Удар был сильным, у Нади помутилось в глазах. Она больно стукнулась о воду плашмя, как летела над нею, держась за трапецию под крылом дельтаплана.

Дух ее захватило, слезы заволокли глаза. Она судорожно глотнула воздух и… ушла под воду.

Ярко вспомнилось ощущение того, как она, спасая двух мальчуганов у метромоста, тонула. Перепуганные детишки не висели здесь на ней, но состояние беспомощности было схожим. Надя с ужасом поняла, что тонет и никто не придет ей на помощь, спрыгнув с высокого моста.
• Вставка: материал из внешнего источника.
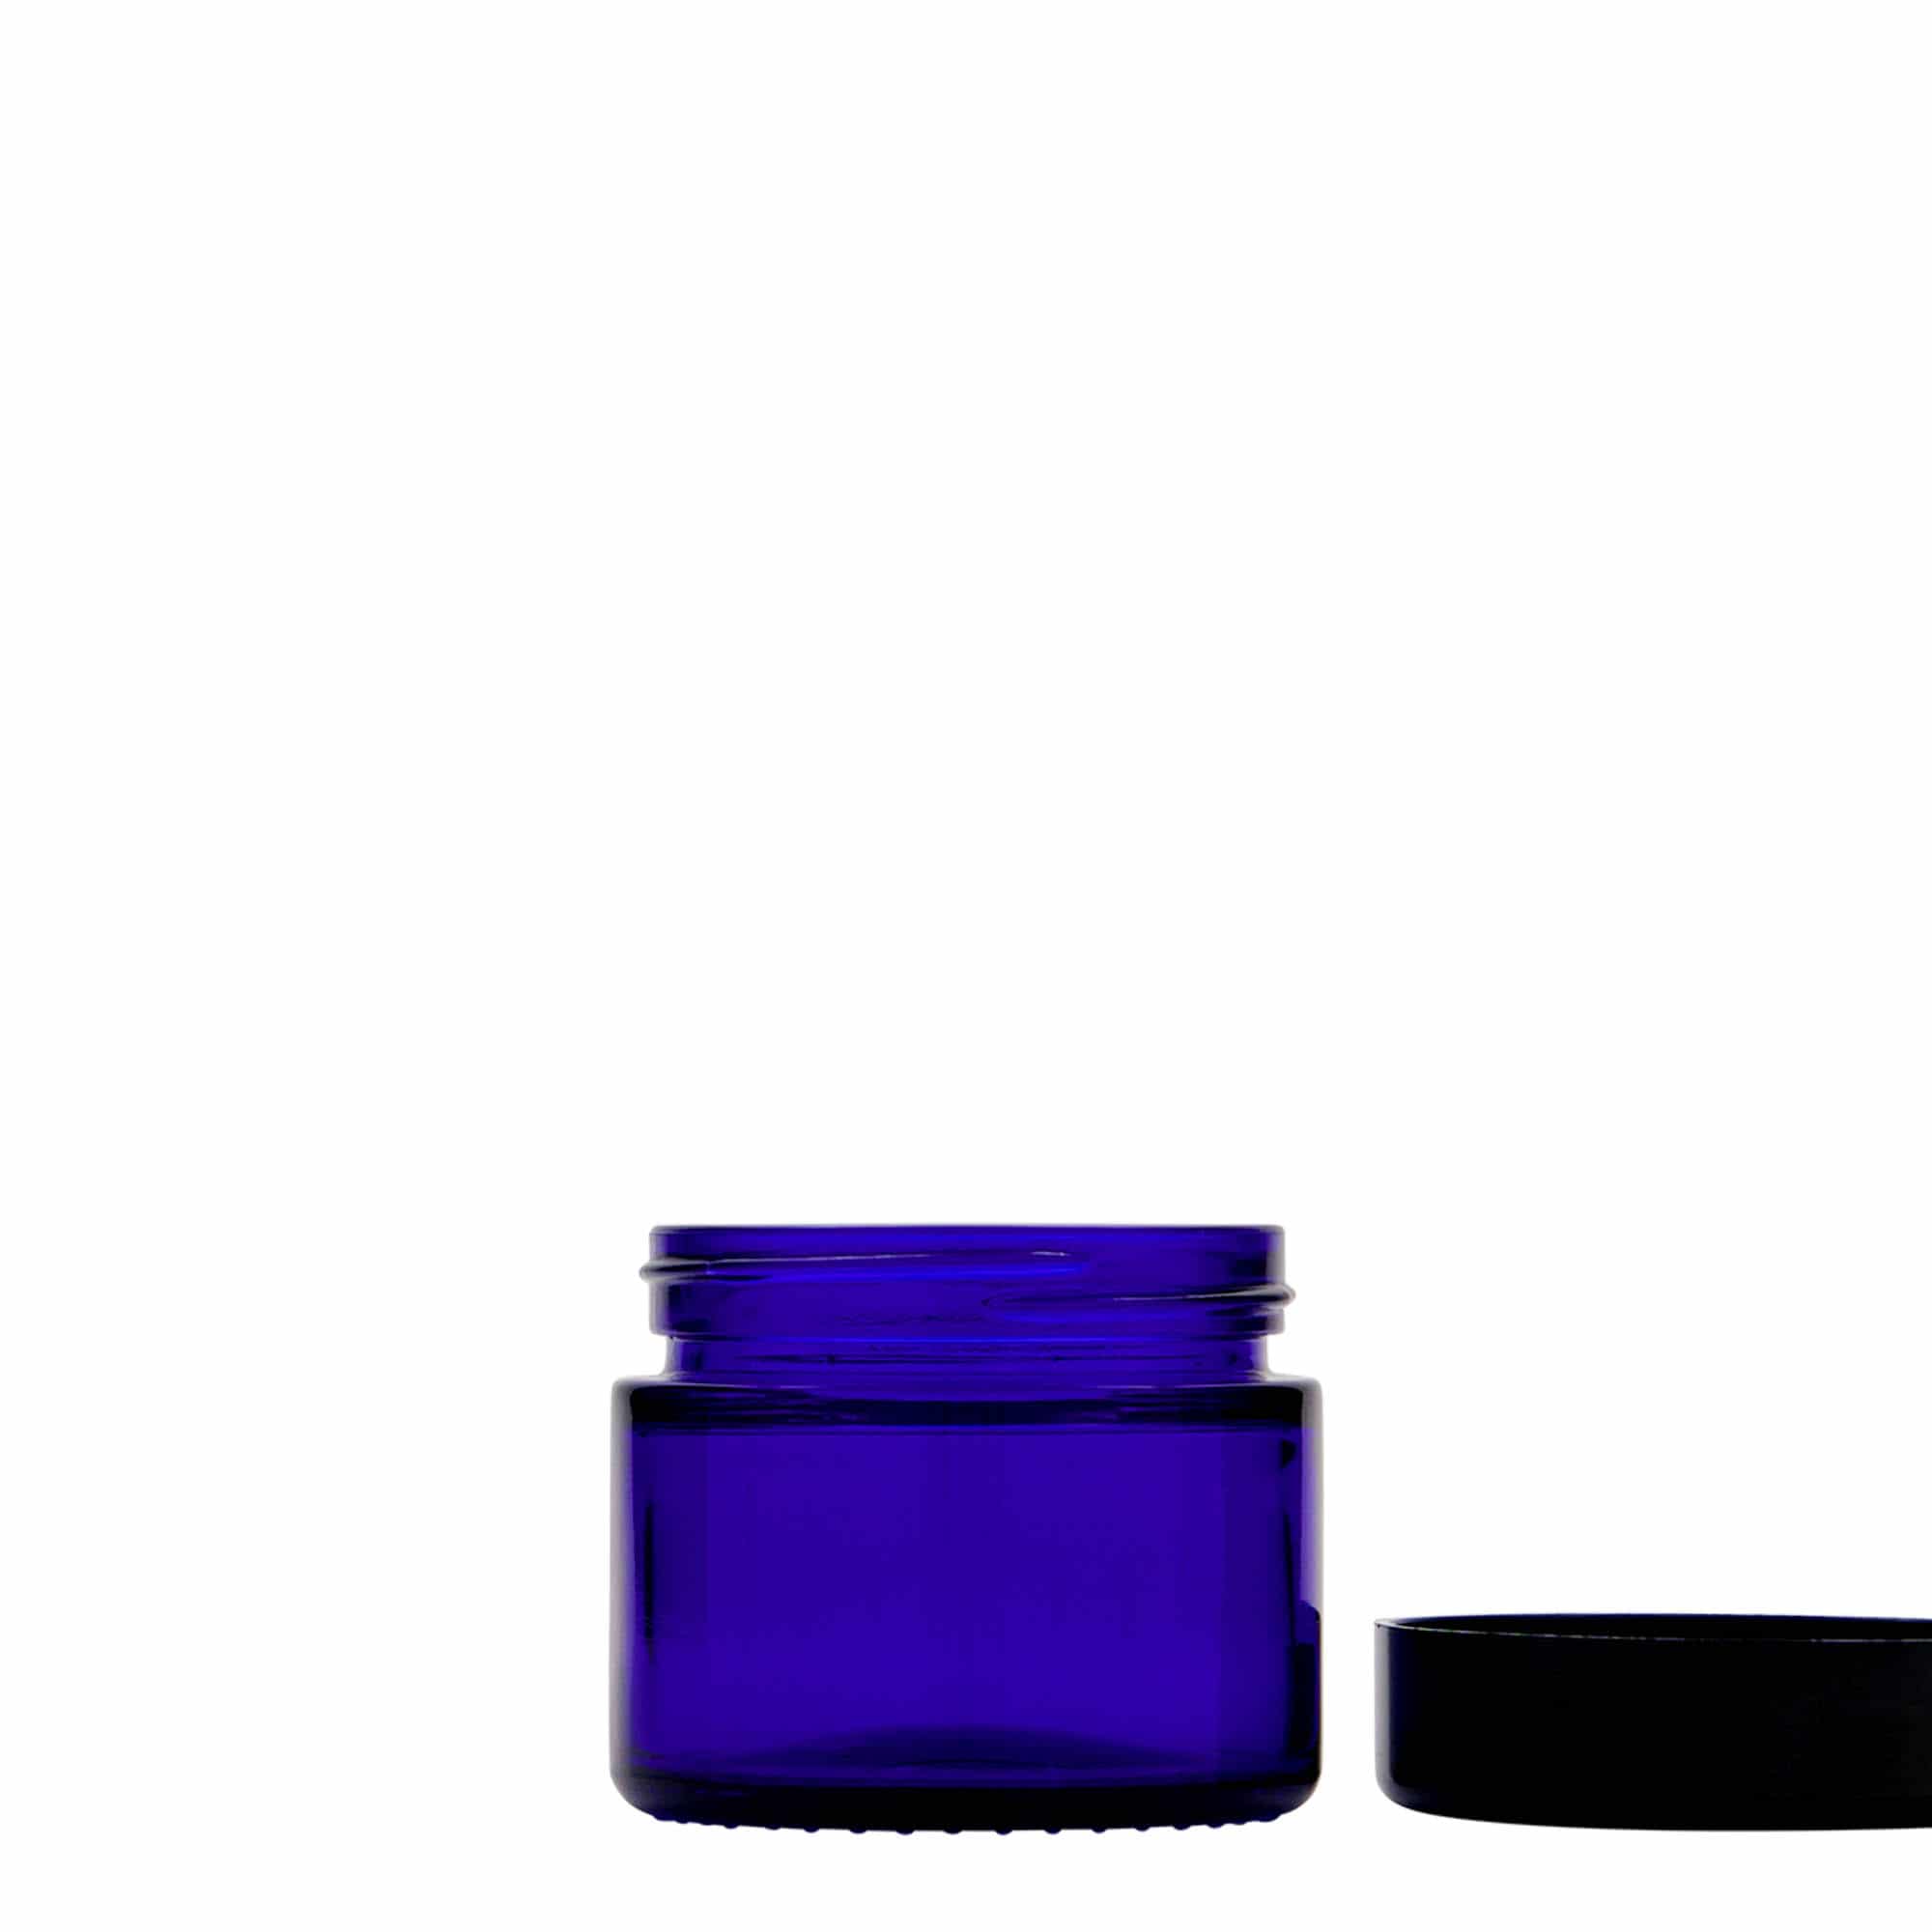 50 ml cosmetic jar 'Blue Edition', glass, royal blue, closure: screw cap

А как же тайна нуля? Уточненная формула Лоренца с «коэффициентом любви»? Это же какая-то новая теория, которую она открыла? А Никита, вернувшись через тысячу лет, даже не сможет найти водохранилища, где она утонула!

Собравшись с последними силами, превозмогая боль от ушибов при падении, Надя вынырнула, глотнула еще раз воздух, поняв, что сейчас уйдет в воду навеки… и вдруг увидела протянутую ей сверху чью-то руку.

На гибкой лестнице, спущенной с неведомо как оказавшегося здесь взлетолета, к ней наклонилась фигура элегантного человека со светлыми кудрями до плеч.

Бурунов?! Откуда?

Надя хотела было, как и в прошлый раз, отрицательно замотать головой, но… Никиты Вязова не было рядом, и она непроизвольно воспользовалась протянутой ей рукой.

Константин Петрович Бурунов помог ей ухватиться за ступеньки гибкой лестницы, придерживая ее за мокрые плечи руками, а сам акробатически держась за верхние ступеньки ногами, кудри его при этом нелепо свешивались вниз.

Потом спасатели взлетолета включили механизм, втягивающий лестницу вместе с уцепившимися за нее людьми.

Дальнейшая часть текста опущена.